Папа снизил скорость до четырех узлов, как требовалось в гавани. С причала за нами наблюдала фигура в форме.
Папа крикнул:
— “Эдельвейс” из Эксетера, временное посещение. Можно причаливать?
— Займите К3. Дорогу знаете?
— Знаю, — ответил папа.
— Хорошо. Добро пожаловать на Гернси.
Он крикнул что-то еще, но порыв ветра отнес его слова. Папа приложил руку к уху, и человек крикнул снова, громче:
— Да здравствует трипод!
Все молчали, пока мы с пыхтением шли к причалу. Гавань была менее загружена, чем летом, но в остальном не изменилась. В море длинными рядами раскачивались высокие мачты: здесь зимовало множество яхт. Вдоль гавани, как обычно, двигались машины, а за ними уступами поднимались крыши Сент-Питер-Порта. Над вершиной холма небо просветлело; как будто собиралось показаться солнце.

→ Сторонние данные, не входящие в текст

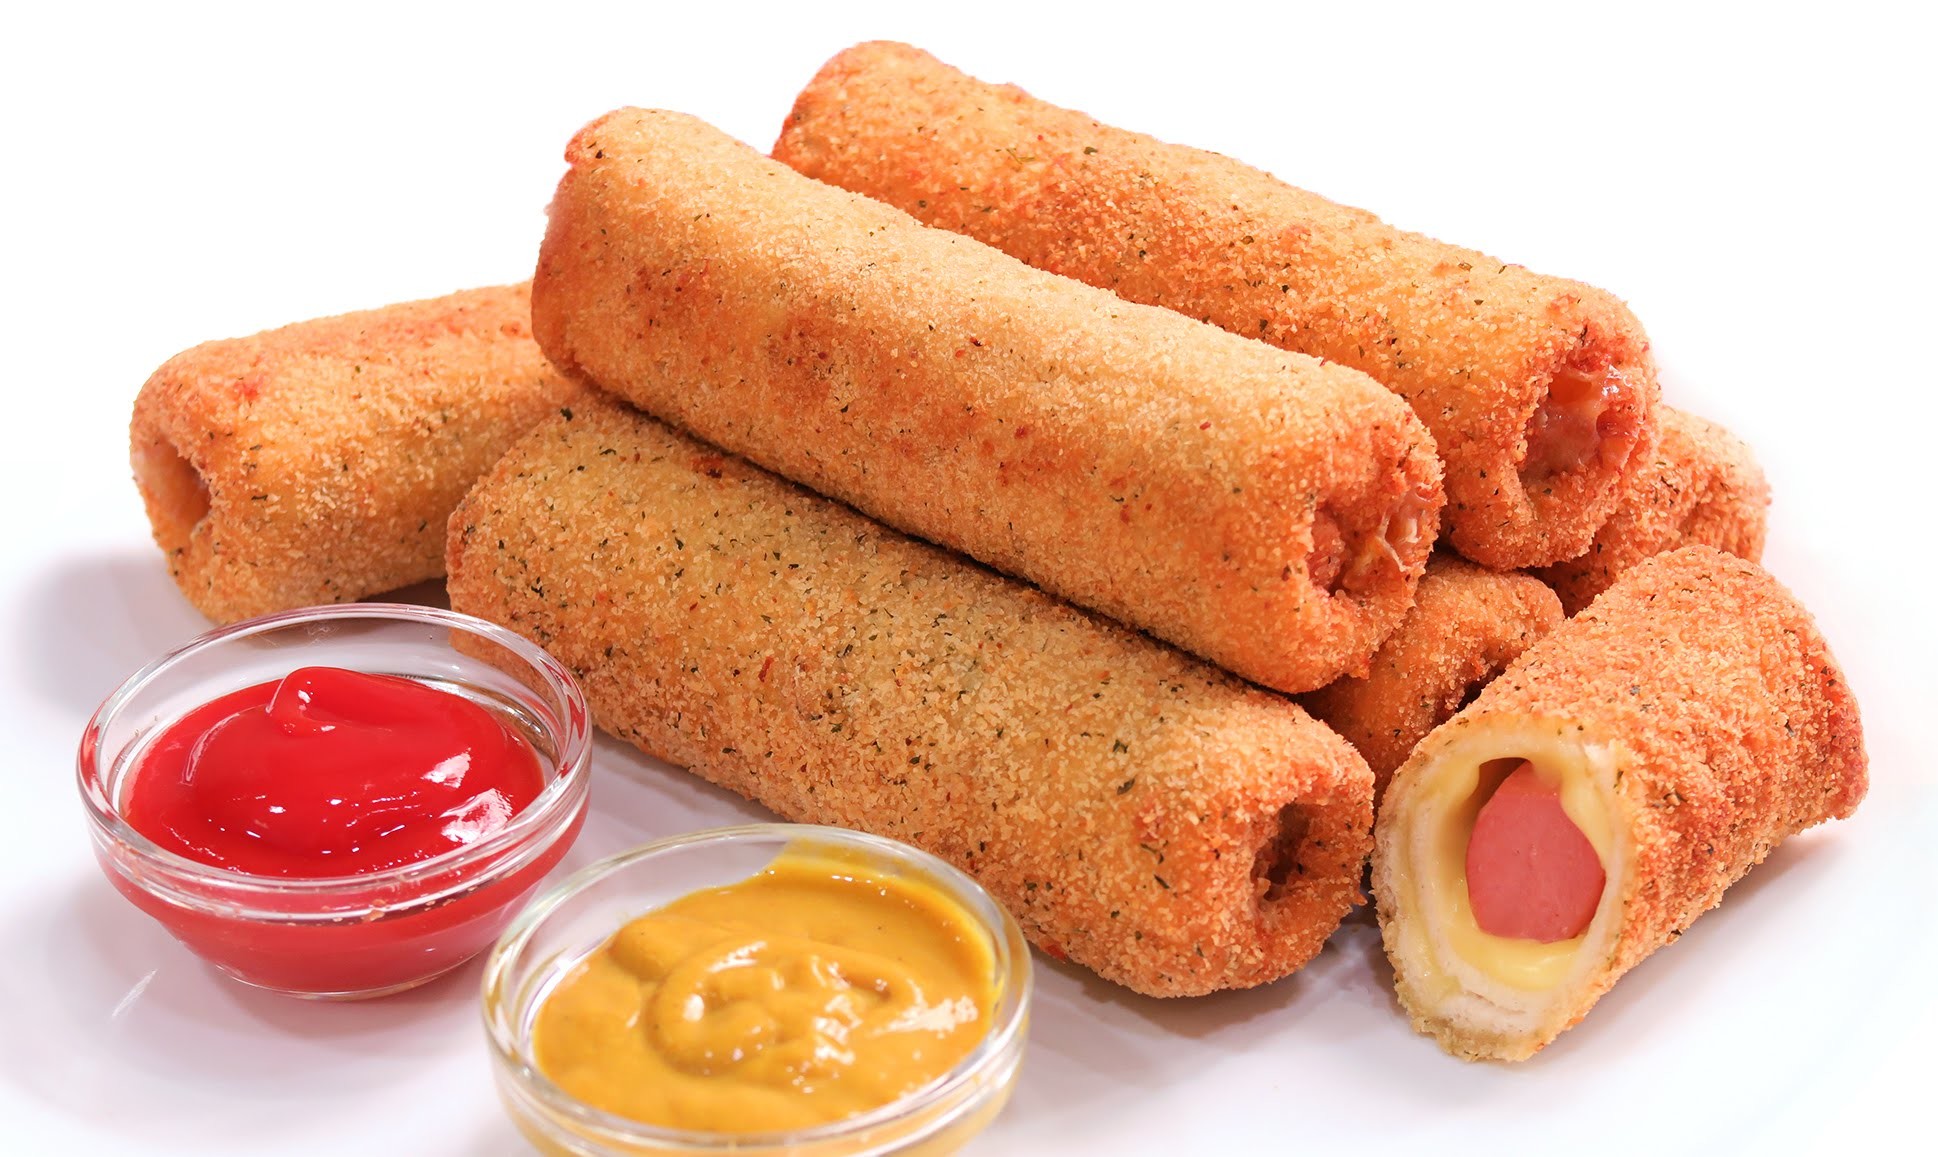 Rollitos de Salchicha y Queso | Hot Dog súper deliciosos!

Когда мы причалили, папа собрал нас в передней каюте. Он сказал:
— Я рассматривал людей на берегу в бинокль. Я не уверен, но по крайней мере десять процентов — в шапках. И главное — всем распоряжаются те, что в шапках.
Энди возразил:
— Мы знаем только, что они заправляют в гавани.
Папа покачал головой:
— На острове такой величины — все или ничего. Они управляют.
Анжела спросила:
— Мы поедем на дачу? Я устала.
Лицо у нее было бледное, глаза опухли. Я сам чувствовал себя плохо.
Марта сказала:
— Если они взяли верх на Гернси, то на Джерси то же самое. Может, на меньших островах. Олдерни, Сарк…

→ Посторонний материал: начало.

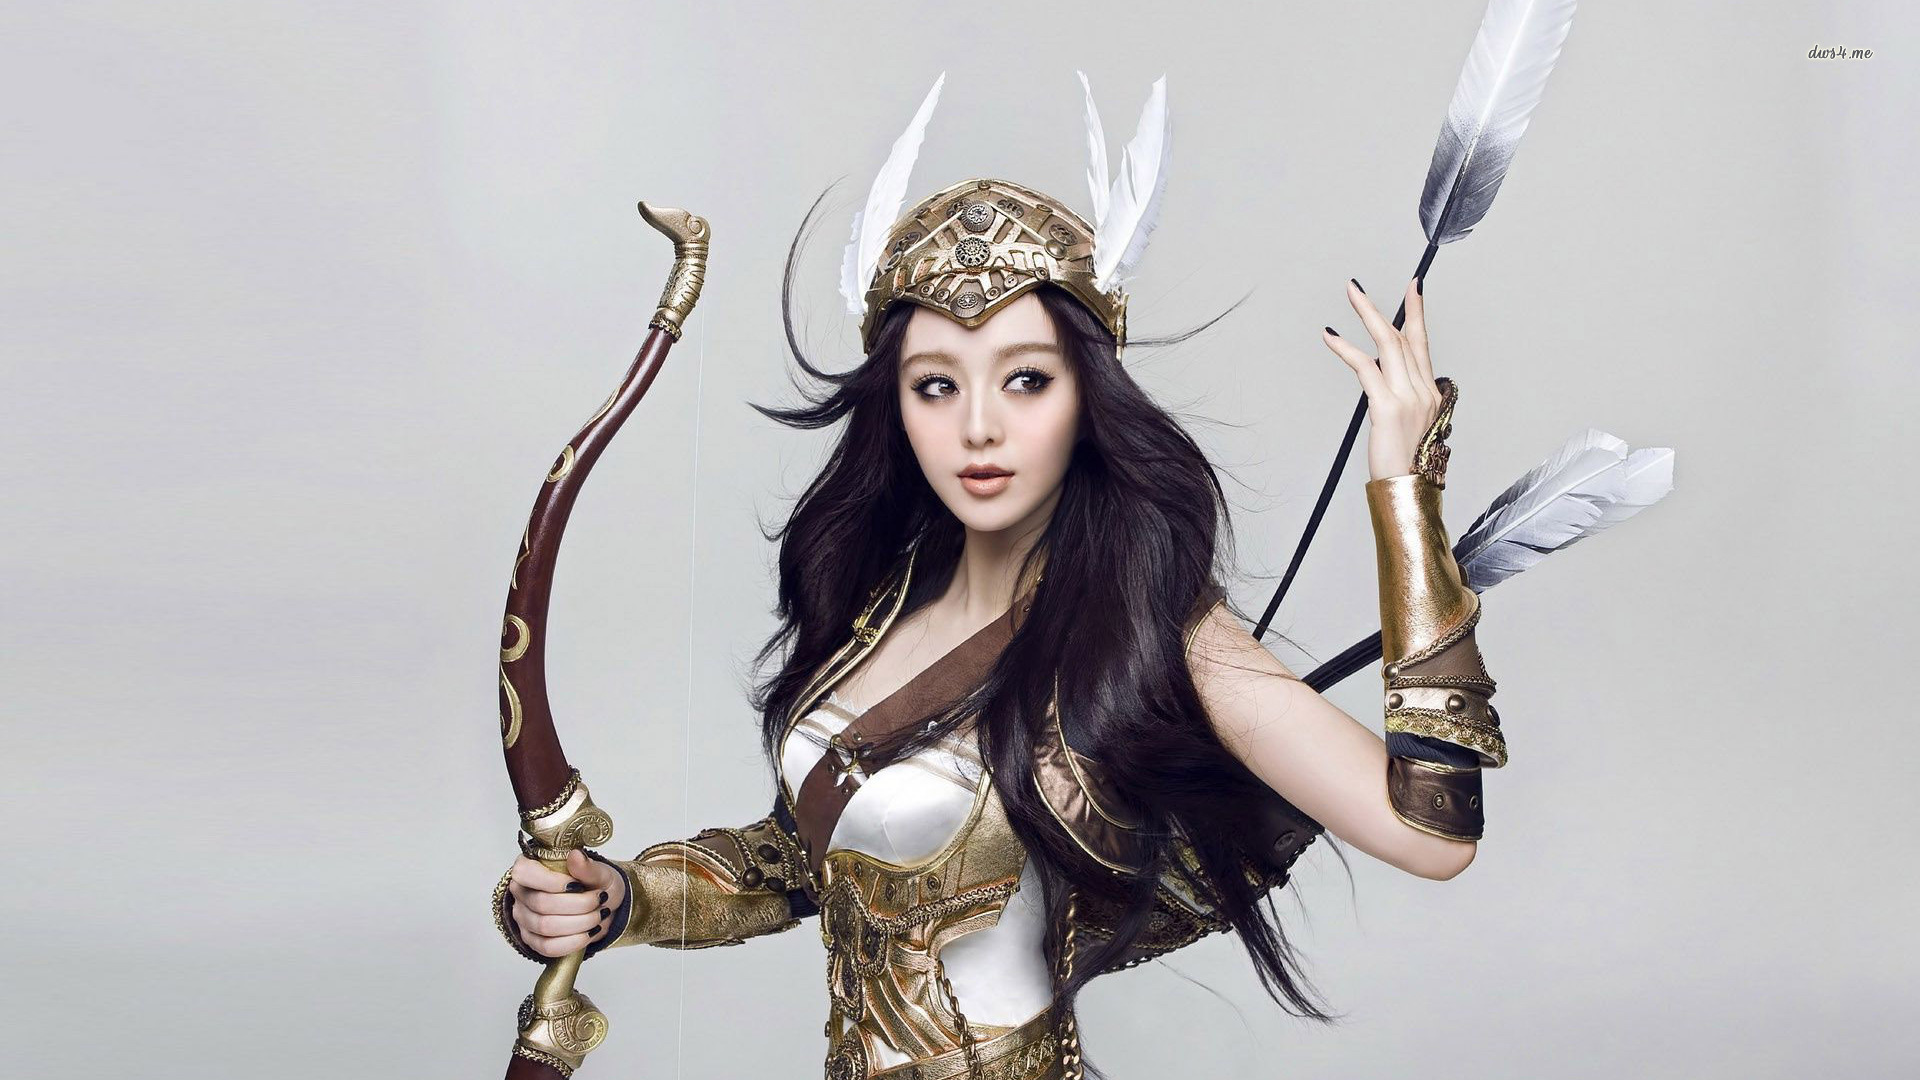 Fantasy Girl Warrior Wallpaper - WallpaperSafari

— В маленькой общине мы застрянем. Когда они доберутся и туда — через несколько дней, — мы будем как утки на привязи.
Марта обняла Анжелу, которая негромко всхлипывала.
— Мы зашли так далеко не для того, чтобы сдаться.
— Остается Швейцария.
Марта нетерпеливо сказала:
— Если они взяли верх на острове, это включает и аэропорт. Запрет на полеты здесь может не действовать: для триппи чем больше путешествующих, тем лучше. Но они будут настаивать, чтобы все пассажиры были в шапках.
— Да, будут.
Папа отправился в кормовую кабину. Я не удивился, что он опять вспомнил Швейцарию. Для него встреча с Ильзой важнее борьбы против того, чтобы на нас надели шапки. Нет, это неправда. Но все равно очень важно.

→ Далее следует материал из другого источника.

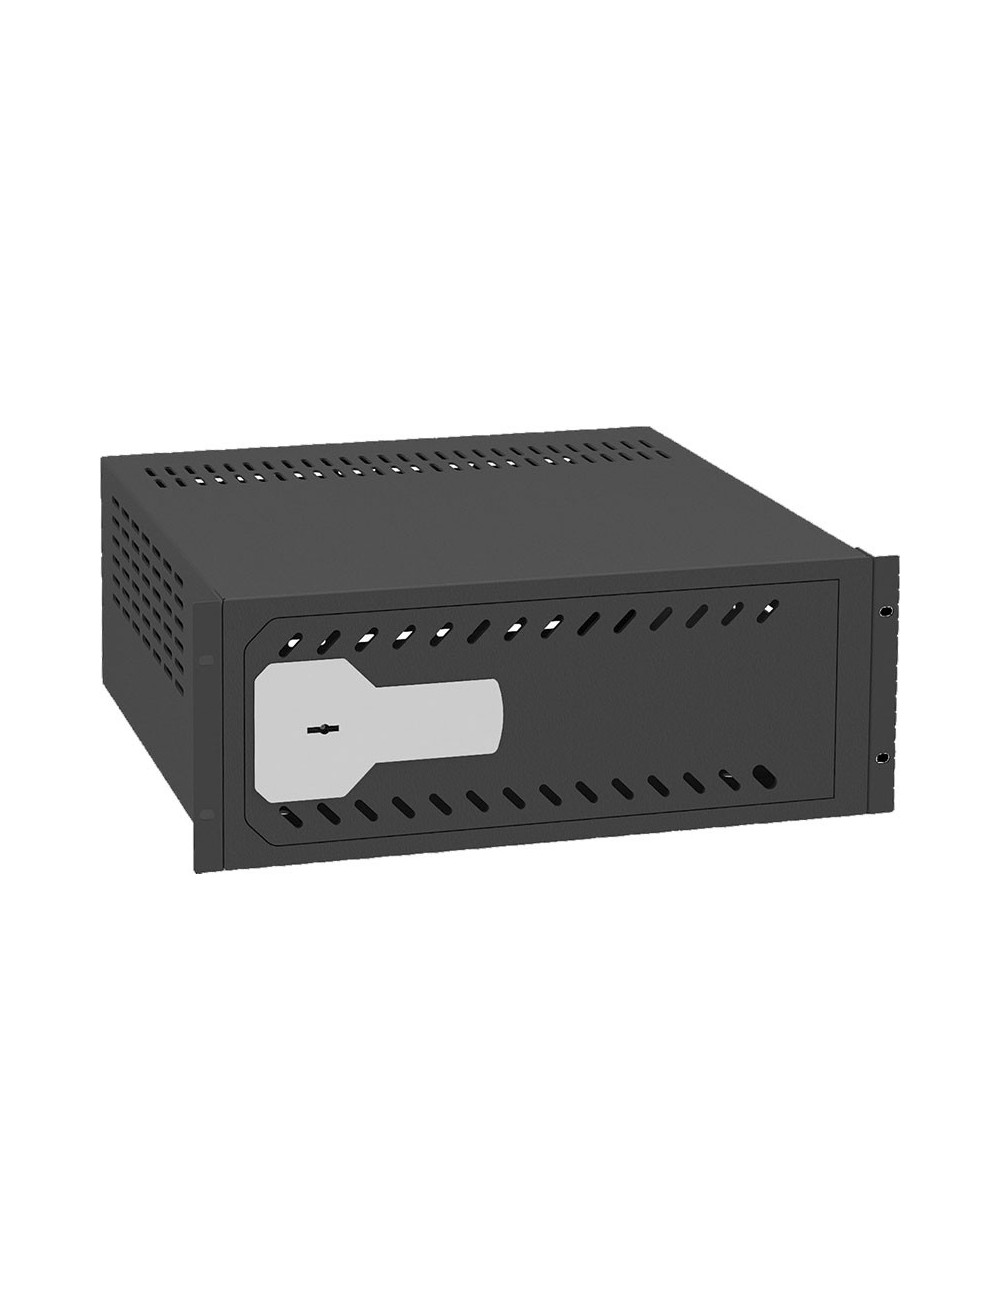 1U rack DVR safe - Rack 19" - Specification for CCTV - mechanical security lock

Однако я удивился, что он так легко сдался. Я смотрел на ноги людей, проходивших мимо причала, и гадал, в шапках эти люди или нет и — в сотый раз — что же чувствуют люди в шапках. Печально думал я о том, что вскоре, вероятно, мне придется это узнать, но тут вернулся папа, неся чемоданчик дяди Яна. Он достал оттуда одну из шапок.
— В основном это радиоприемник или нечто аналогичное. Проводка под резиной. Ее легко перерезать ножницами. Шапка внешне ничем не отличается, но передачу не принимает. Поэтому никакого индуцированного транса, никакого приказа повиноваться триподам.
— Вы уверены? — спросил Энди.
Папа покачал головой:
— Не вполне. Но можно попробовать на одном из нас, и узнаем.
Я сказал: “Но тот, кто попробует, может стать триппи”.
— Один против четверых. Снимем шапку, если понадобится, силой. — Он помолчал. — Я вызываюсь добровольцем, но лучше попробовать на физически самом слабом, если дойдет до этого.
Анжела вновь заплакала. Я не знал, что она слушает, тем более понимает.
Марта сказала:
— Не Анжела. Я, если хотите.
— Ладно, пусть буду я, — сказал Энди.
Папа не смотрел ни на меня, ни на Анжелу. Я сказал:
— После Анжелы я самый слабый. Давайте закончим.
Все молчали, пока папа лезвием своего швейцарского армейского ножа взрезал резину. Потребовалось время, но наконец он протянул мне шлем:
— Разрезал в двух местах. Должно вывести ее из строя.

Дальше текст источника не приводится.